US cattle futures prices have eased off over the past few days following signs that the industry is still suffering from a bottleneck in the nations feedlots.

On the surface, the latest US Departmant of Agriculture Cattle on Feed report would appear bullish. The number of store cattle placed in feedlots with a capacity of 1000 head or more during September was down 2% from a year ago at 2.65 million feeder cattle.

However, the average weight of these cattle entering the feedlots to be fattened up for slaughter remains high and this will increase the future supply of beef to the packing houses. As many as 941,000 head weighed over 800lbs (364kg) and 796,000 weighed between 700 and 800lbs.

On the positive side, there was a 3% year-on-year increase in the number of finished cattle marketed to the packers, at 1.86 million head. This accelerated pace will help clear the backlog of cattle but market analysts warn the slaughter rate is still not high enough to tighten up the market.

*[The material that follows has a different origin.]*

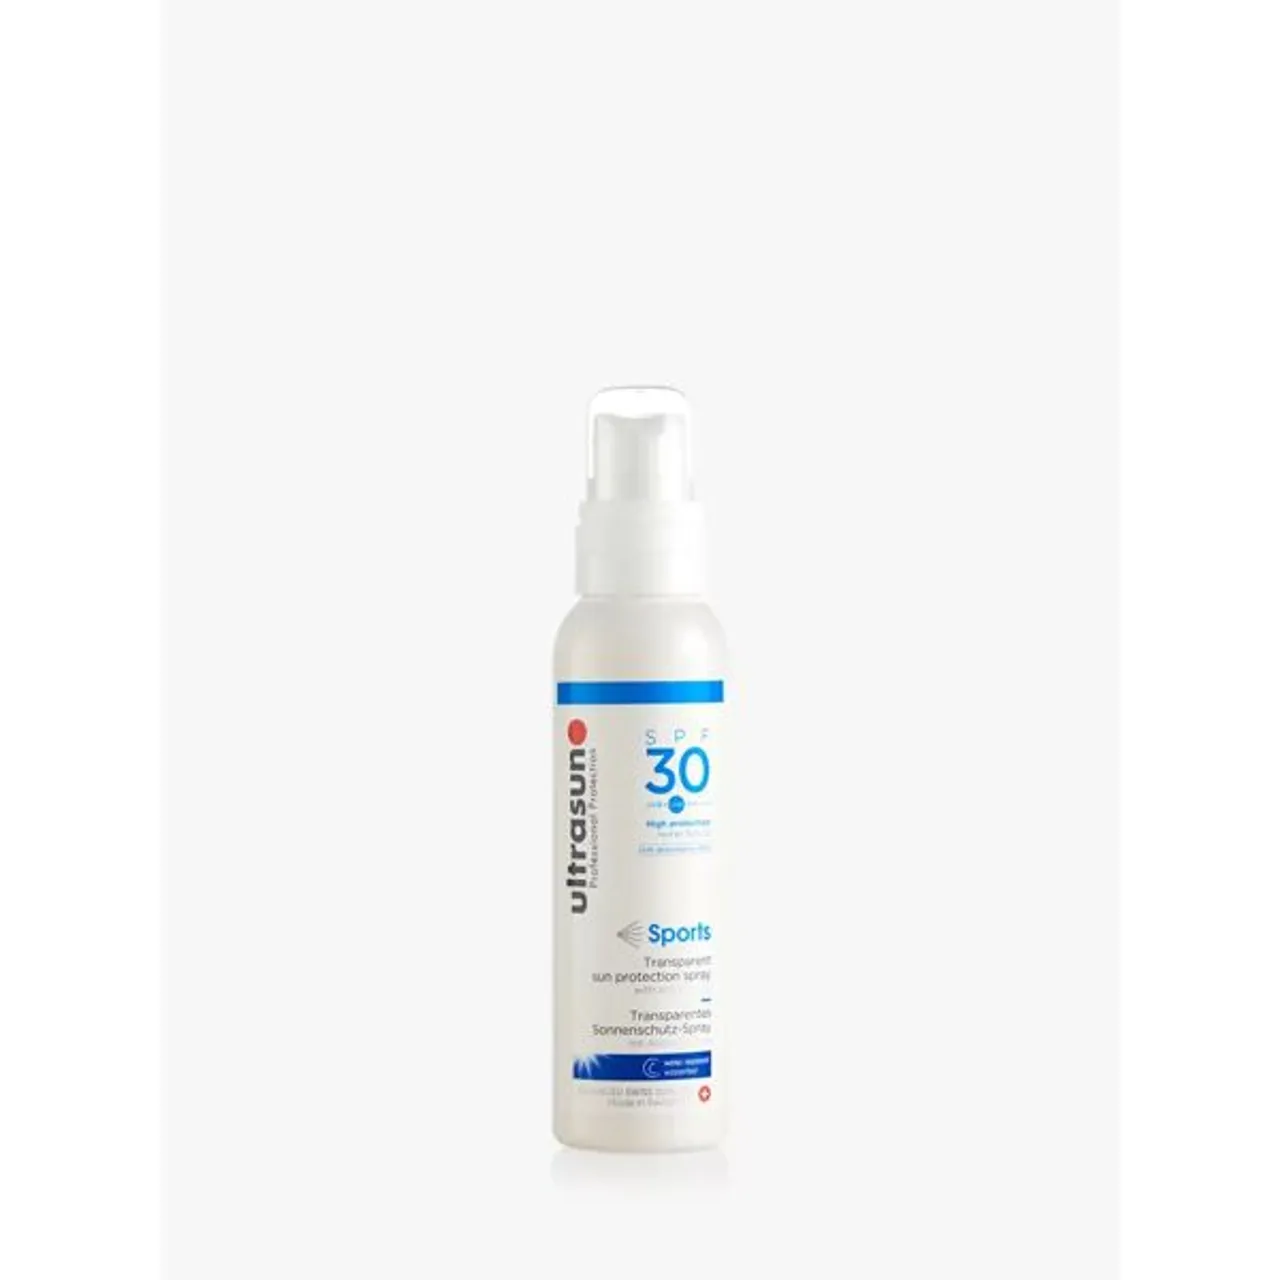 Ultrasun Sports Spray SPF 30, 150ml - Unisex - Size: 150ml

The Chicago November futures contract for store cattle settled on Wednesday 21 October at 71.85¢/lb, down from 73¢ at the start of last week prior to the Cattle on Feed report.

So far, the cash prices paid for live or fed cattle by packing houses are holding on to their gains following their strong rally in early October. The market is situated around 63¢/lb, compared with 61¢ a week ago and 57¢/lb a fortnight ago.

However, many analysts fear the cash market is due for a correction and this is also helping to drive futures prices lower.

US pig gloom as Russia aid fails to materialise

AFTER a 10% price rally last week on hopes that the US Department of Agriculture (USDA) would ship pork as food aid to Russia, the market has suffered an attack of pessimism.

The US pig industry urgently needs some such export measure to help alleviate oversupply. However, USDA Secretary Dan Glickman has pointed out that he is still awaiting a formal request from Russia and that any food aid would comprise both grains and meat.

While the hope of immediate exports to Russia has diminished somewhat, the industry still faces growing domestic output next year. Producers are planning to expand in 1999, despite the 40% drop in pig prices from last year.

Economists at the USDA suggest that pig farmers were spared the full impact of the price fall because cheaper feed has helped protect their margins. This has made them more willing to step up their operations.

The Chicago October lean hog futures contract dropped from an intraday high of almost 45¢/lb on Wednesday 14 October to 40.4¢/lb on Tuesday 20 October.

However, the contract recovered some ground on reports of a 17% year-on-year drop in the amount of pork bellies in cold storage, which suggested an improvement in the supply picture for producers. The contract gained 0.7¢/lb on Wednesday 21 October to close at 41.1¢/lb.

Cash prices followed a similar pattern, dropping from 28¢/lb last week to 25¢ on Tuesday but recovering to 27¢ on Wednesday.